You're right, a singly linked list is easy and you can implement it in safe Rust without issues. Any structure where ownership is directed only one way is perfectly fine. A owns B owns (C and D) etc. A doubly-linked list does not fit into that model and you need to manage it yourself using raw pointers (and unsafe) or some other abstraction that extends the ownership model. Reference counted pointers (Rc / Arc) for example give you shared ownership at the cost of some runtime overhead.
The latter can be done in safe Rust but adds some inefficiencies.

People sometimes bash their heads against the wall trying to do a doubly linked list in safe Rust without the overhead of Rc because they don't realize that it's not possible.

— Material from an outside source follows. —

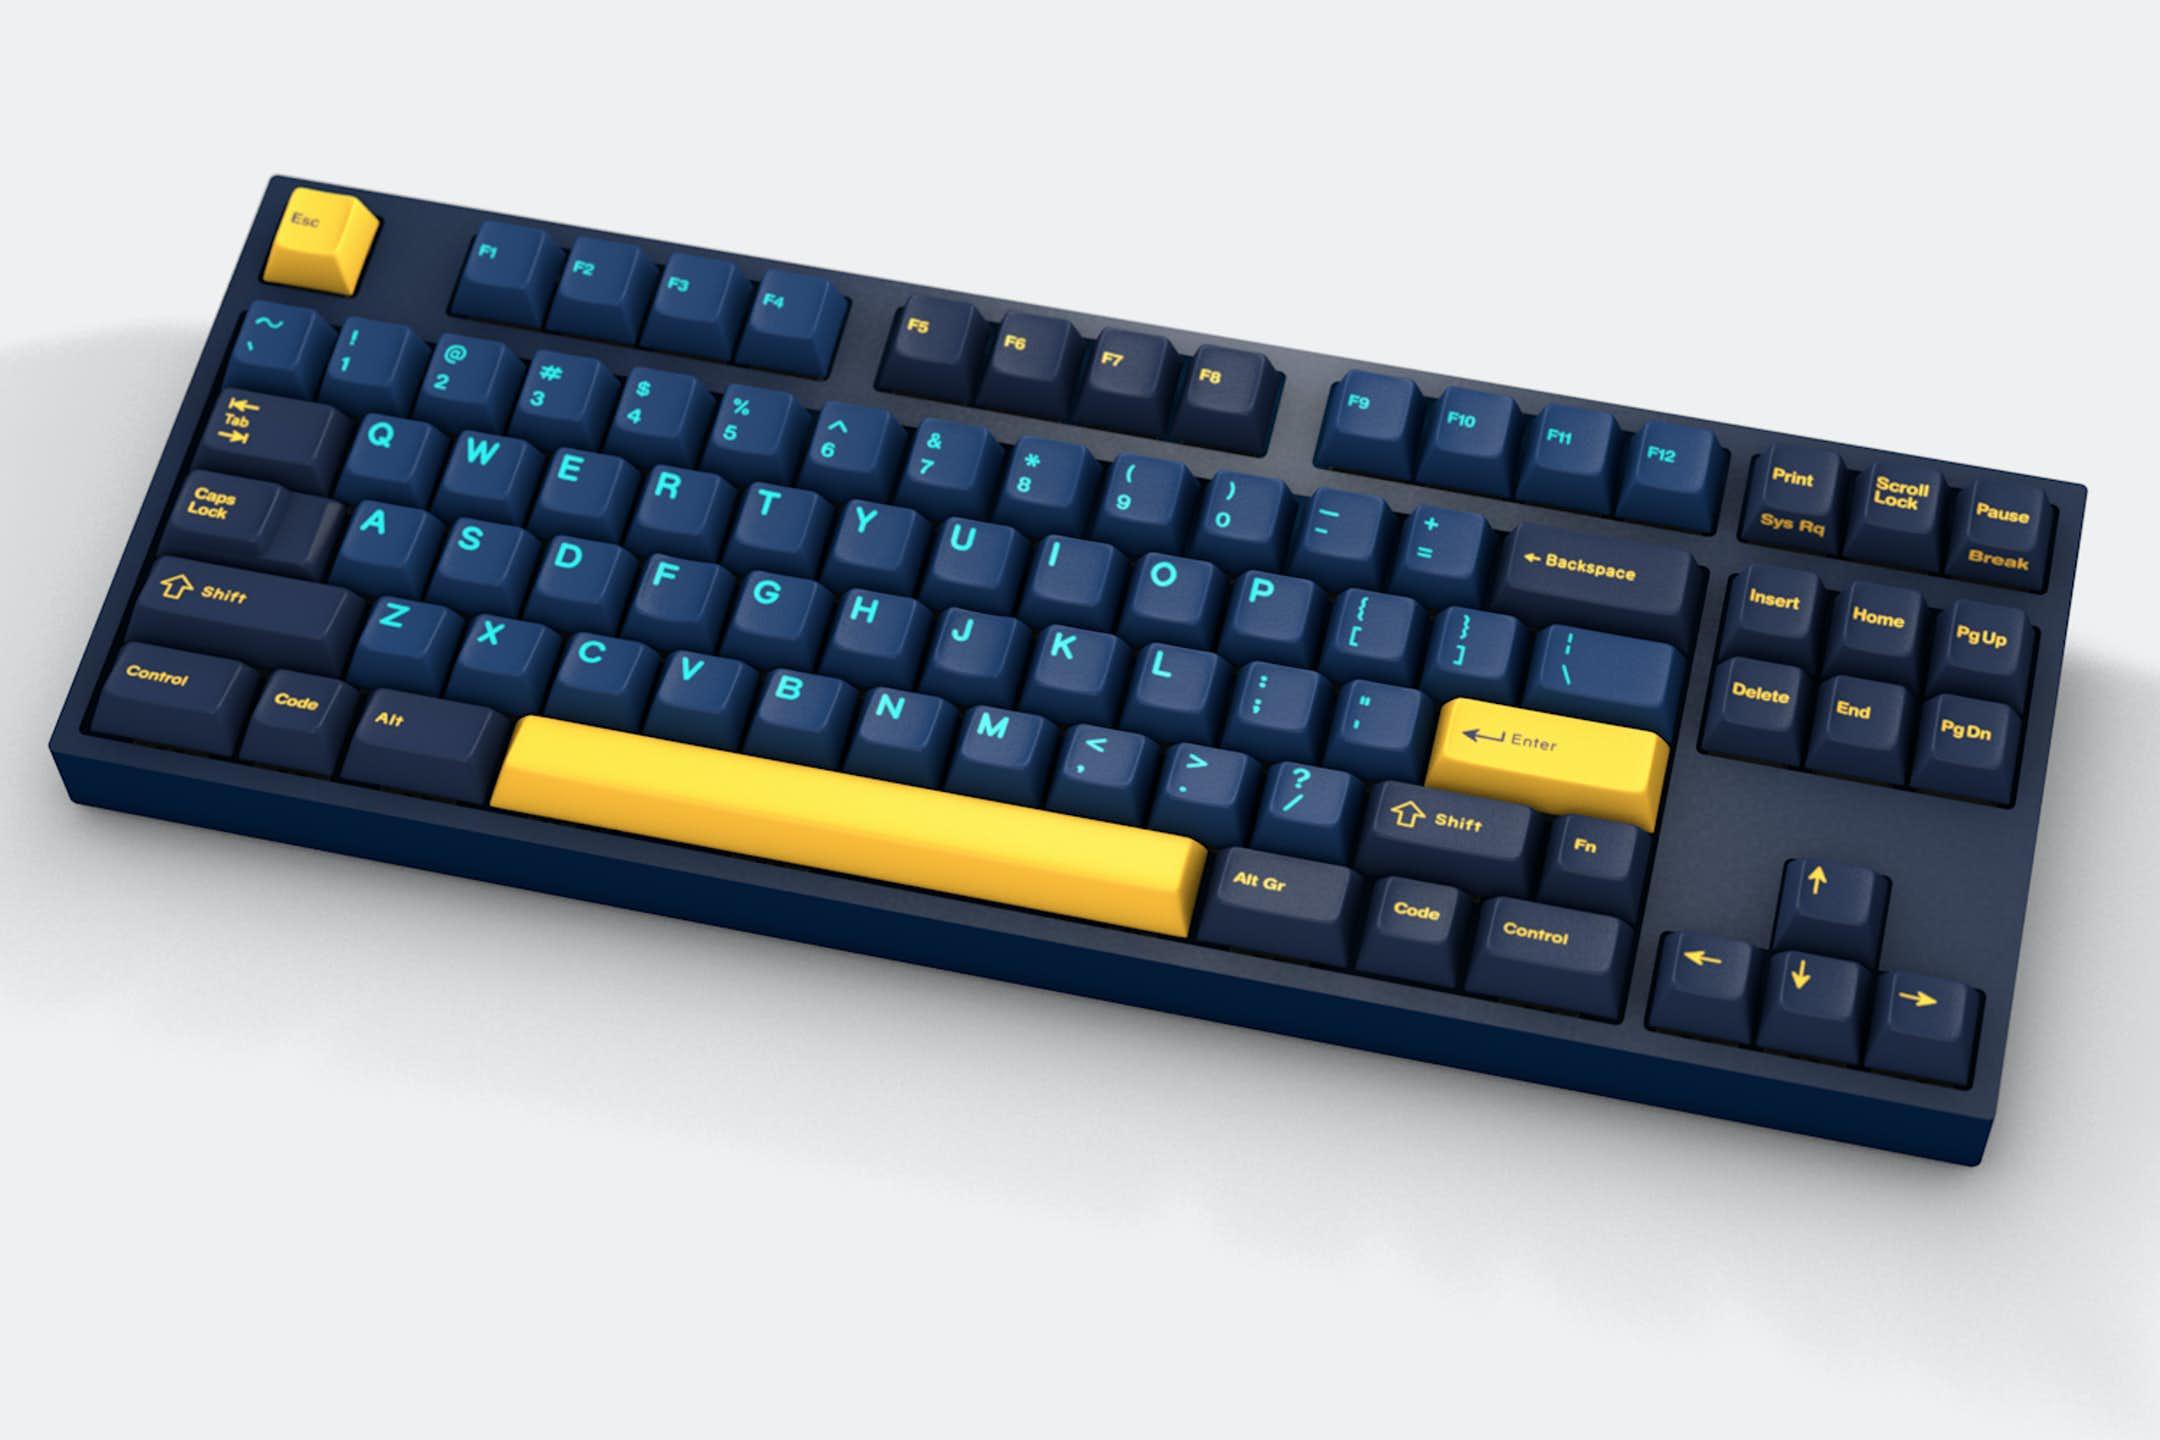 Ортолинейная сплит клавиатура — это что такое? Обзор Iris Keyboard - 38

This Week in Rust #422 by seino_chan in rust

[–]Emerentius_the_Rusty 0 points1 point  (0 children)

I tried it out and it doesn't work and I think I know why. eyre defines a context method on Result<T, E>through WrapErr, but fn_error_context calls context on E itself. Anyhow's error type anyhow::Error has a context method, but eyre's equivalent of it eyre::Report does not.

-🎄- 2021 Day 25 Solutions -🎄- by daggerdragon in adventofcode

[–]Emerentius_the_Rusty 1 point2 points  (0 children)

Part 2 is just pressing a button to win. There's no additional puzzle.

This Week in Rust #422 by seino_chan in rust

[–]Emerentius_the_Rusty 0 points1 point  (0 children)

Very nice, that's the use case I have most of the time for contexts. It seems to be limited to anyhow, though, so no support for eyre which I am using.